Janner was interviewed by the police in 1991, when the prosecution case against Beck was being prepared. No charges were brought against the MP because of "insufficient evidence", although the Crown Prosecution Service (CPS) said in 2015 that Janner should have been tried. The 1991 interview was the only time Janner was interviewed by the police. Accompanied by his solicitor, Janner has been reported as having replied "no comment" to the questions put to him. Janner and his solicitor, Sir David Napley, were in contact with the barrister George Carman QC in anticipation of a defence brief needing to be prepared if Janner was put on trial. Carman and Napley were surprised no charges were brought against him because of the weight of evidence, according to Dominic Carman, the barrister's son.

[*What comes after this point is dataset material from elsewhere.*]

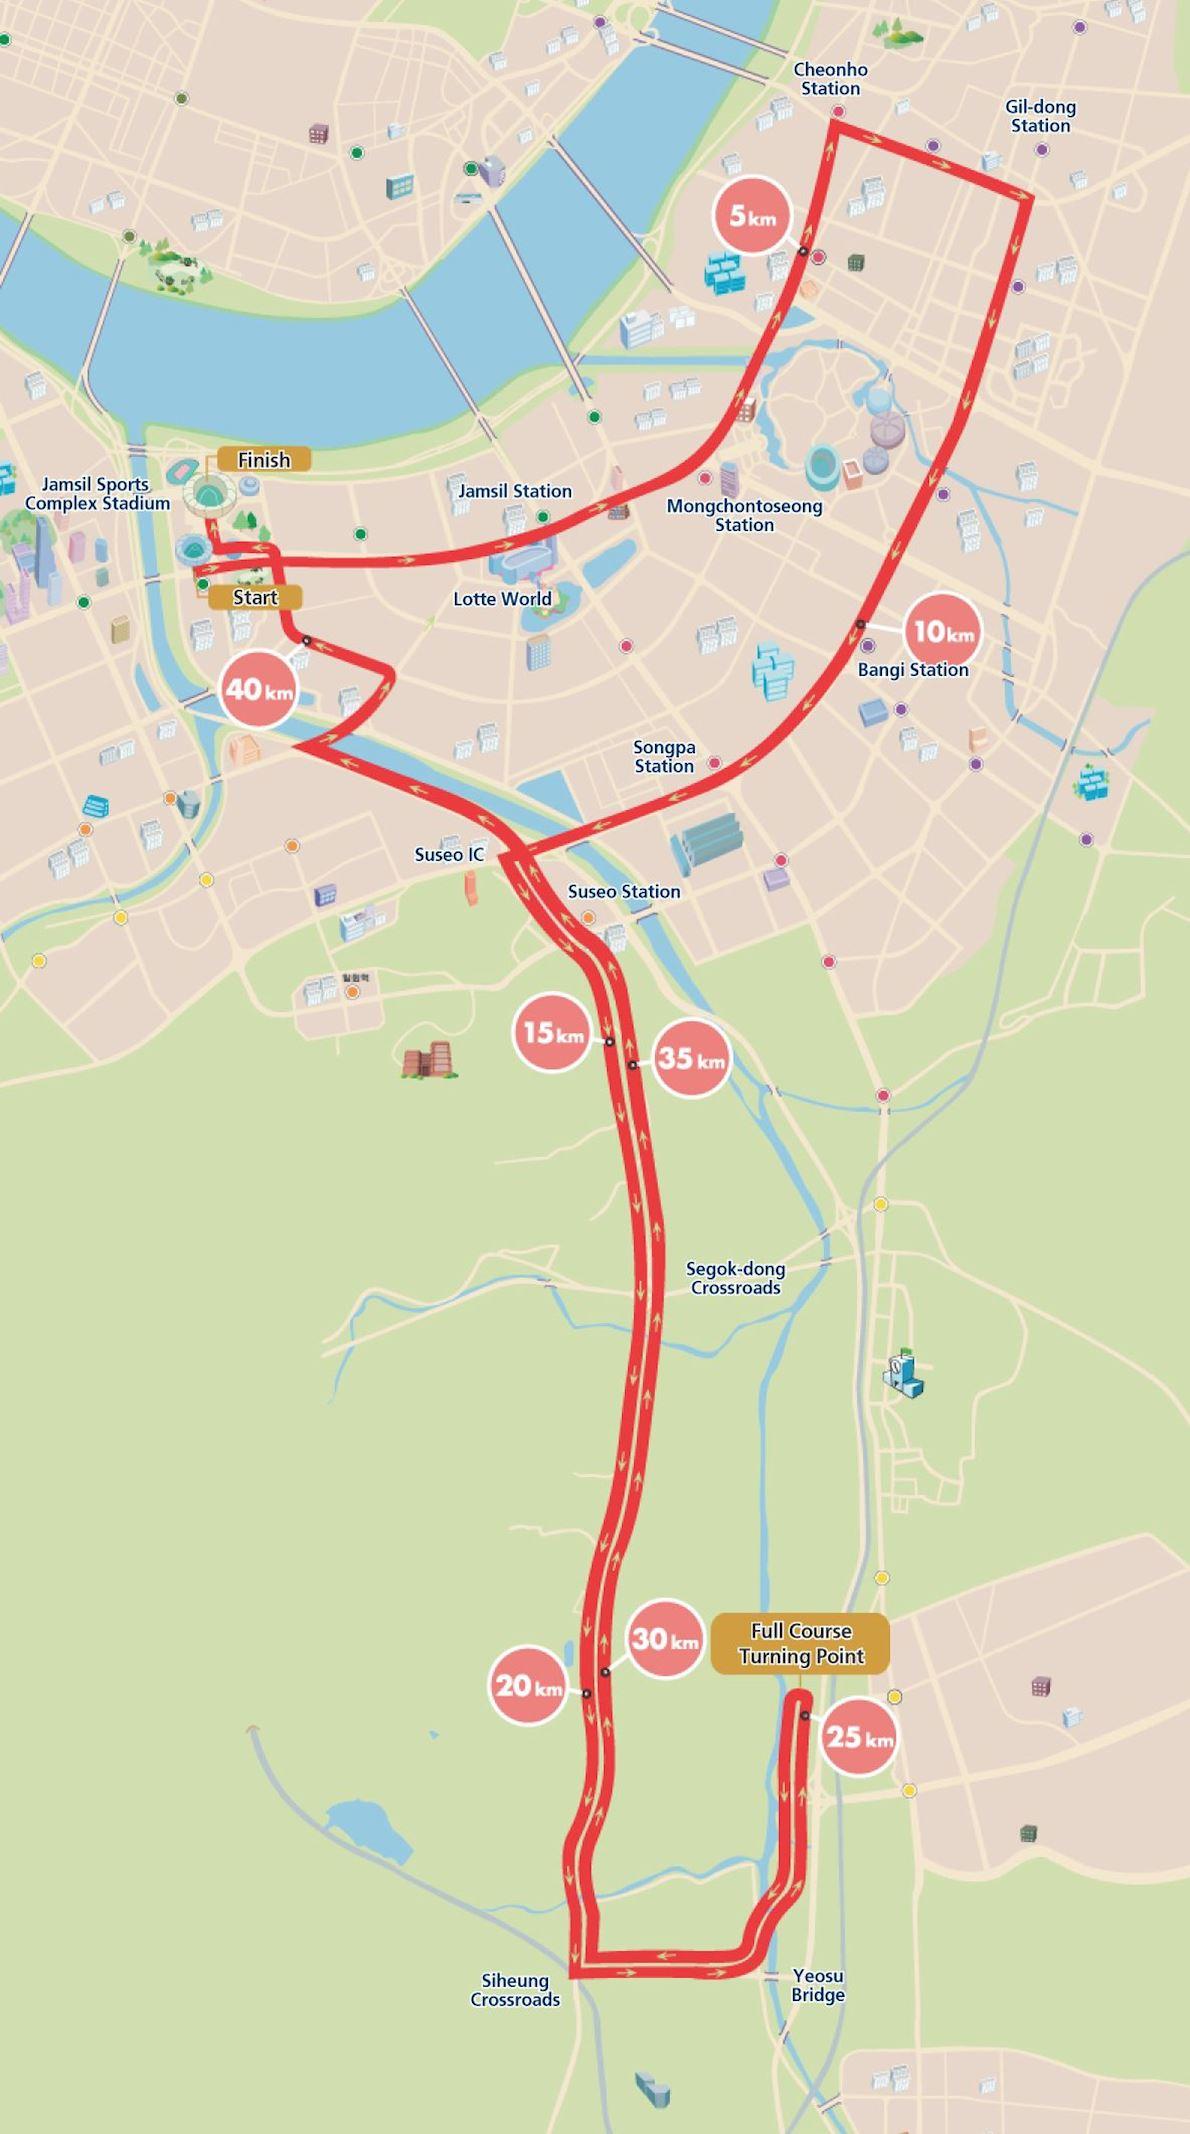 JTBC Seoul Marathon, former Joongang Seoul Marathon 路线图

Further police investigations took place in 2002 and 2006; documents relating to Janner were not passed to the Crown Prosecution Service after the 2002 investigation. The former Director of Public Prosecutions (DPP), Lord Macdonald, told The Guardian in April 2015 that the penultimate CPS decision not to prosecute Janner in 2007 was actually made by officials in Leicestershire who did not contact head office in London about the case.

In September 2014, The Times reported that Mike Creedon, currently the Chief Constable of Derbyshire Constabulary, claimed that in 1989, while he was serving as a Detective Sergeant, senior police chiefs severely limited his enquiries into paedophilia allegations against Janner, despite "credible evidence" which warranted further investigation.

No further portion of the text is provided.